Some organizations that suffered major vendor breaches have seen customer defection rates spike 15-25% in the following year. Loss of customer trust can be more damaging than the breach itself.
What Actually Works in 2025
So what do you do about this? You can’t just fire all your vendors. You need them. But you have to manage the risk better.
Know Every Vendor You Have—Seriously
Start by cataloging everything. The cloud provider, the email service, the backup software, the payment processor, the analytics tool, the HR platform, everything. Include the ones your teams signed up for independently (shadow IT). Most organizations discover they have 50% more vendor relationships than they thought.
Then assess each one. What data do they access? How critical are they? What happens if they’re breached? Use third-party risk ratings from companies like Externally, SecurityScorecard, or BitSight. These services track vendor security posture continuously—not just once a year.
Limit What Vendors Can Access
Give vendors the absolute minimum access they need to do their job. And revoke that access the moment they don’t need it anymore. If a vendor is setting up your cloud infrastructure, they shouldn’t have read access to customer data six months later.
Monitor what vendors actually do with their access. Log it. Alert on suspicious behavior. If a vendor account suddenly starts accessing systems it never accessed before, that’s a red flag.
Update Your Contracts
Your old vendor contracts probably don’t require breach notification within 24 hours. They probably don’t mandate SOC 2 Type II audits or ISO 27001 certification. They probably don’t have penalties for security failures.

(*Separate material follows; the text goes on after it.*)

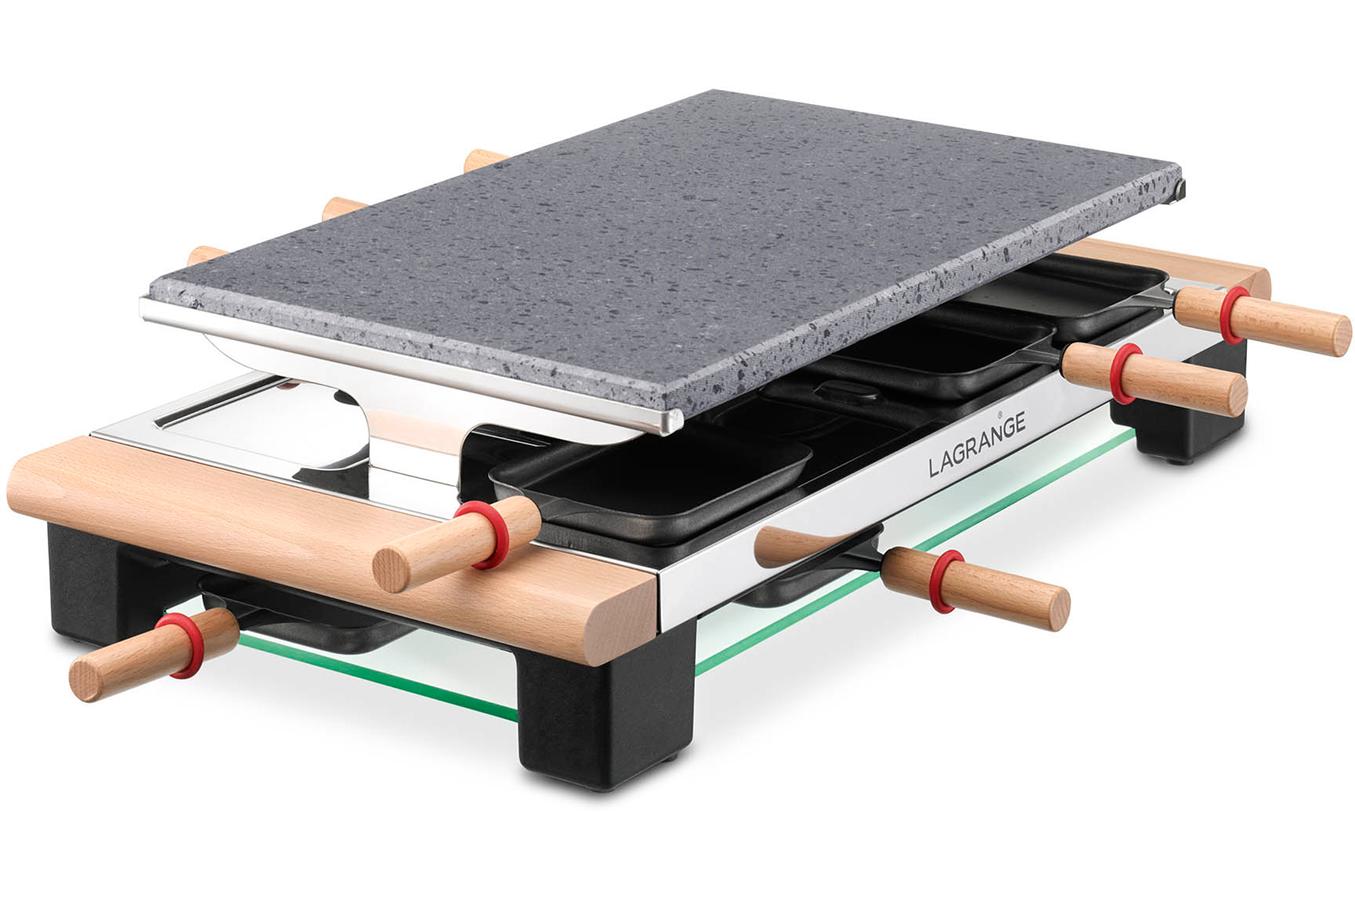 raclette lagrange pierre elegance 4038410 darty. Black Bedroom Furniture Sets. Home Design Ideas

Fix that. Make security breaches a material breach of contract, not just something to report casually. Require vendors to maintain cyber liability insurance and name your company as additional insured. Make them care about security the way you do.
Monitor Your Integrations in Real-Time
Use tools to watch what’s actually happening with your vendor integrations. Unusual data flows? Anomalous access patterns? Unscheduled syncs? Flag it. Alert on it. Investigate it.
Deploy Cloud Access Security Brokers (CASBs) if you have significant SaaS usage. These tools give you visibility into what’s flowing through your vendor integrations and let you block suspicious activity automatically.
Have a Response Plan Ready
Don’t wait until a vendor breach happens to figure out what you’ll do. Map it out now. Who notifies customers? Who talks to regulators? What’s your timeline? What information do you need to collect?
Pre-draft notification templates. Establish communication chains. Define decision authorities. When crisis hits, you don’t have time to debate. You need to act within hours. Being prepared cuts response time in half and dramatically improves outcomes.
Your Board Needs to Know About This
Vendor risk isn’t just a security team problem anymore. It’s a board problem. C-suite executives need to understand that 45% of major breaches now involve vendors. They need to know how many vendors have access to critical systems. They need to have a response plan for when—not if—a vendor gets breached.
This is no longer a checkbox on a security questionnaire. This is business-critical risk.
The Hard Truth
Your vendors will be compromised at some point. It’s not a question of if, it’s a question of when. One of them will get hacked. An attacker will gain access through their systems.
The only question that matters is: Are you ready?
Are you monitoring vendor integrations closely enough to detect something wrong? Do you know what data each vendor can access? Can you revoke vendor access quickly if needed? Do you have incident response procedures ready to execute within hours?
If the answer to any of these is no, you’re playing Russian roulette. Your fortress might be secure. But if your vendors are the weak link, it doesn’t matter.
Don’t let your best defense be undone at your weakest link.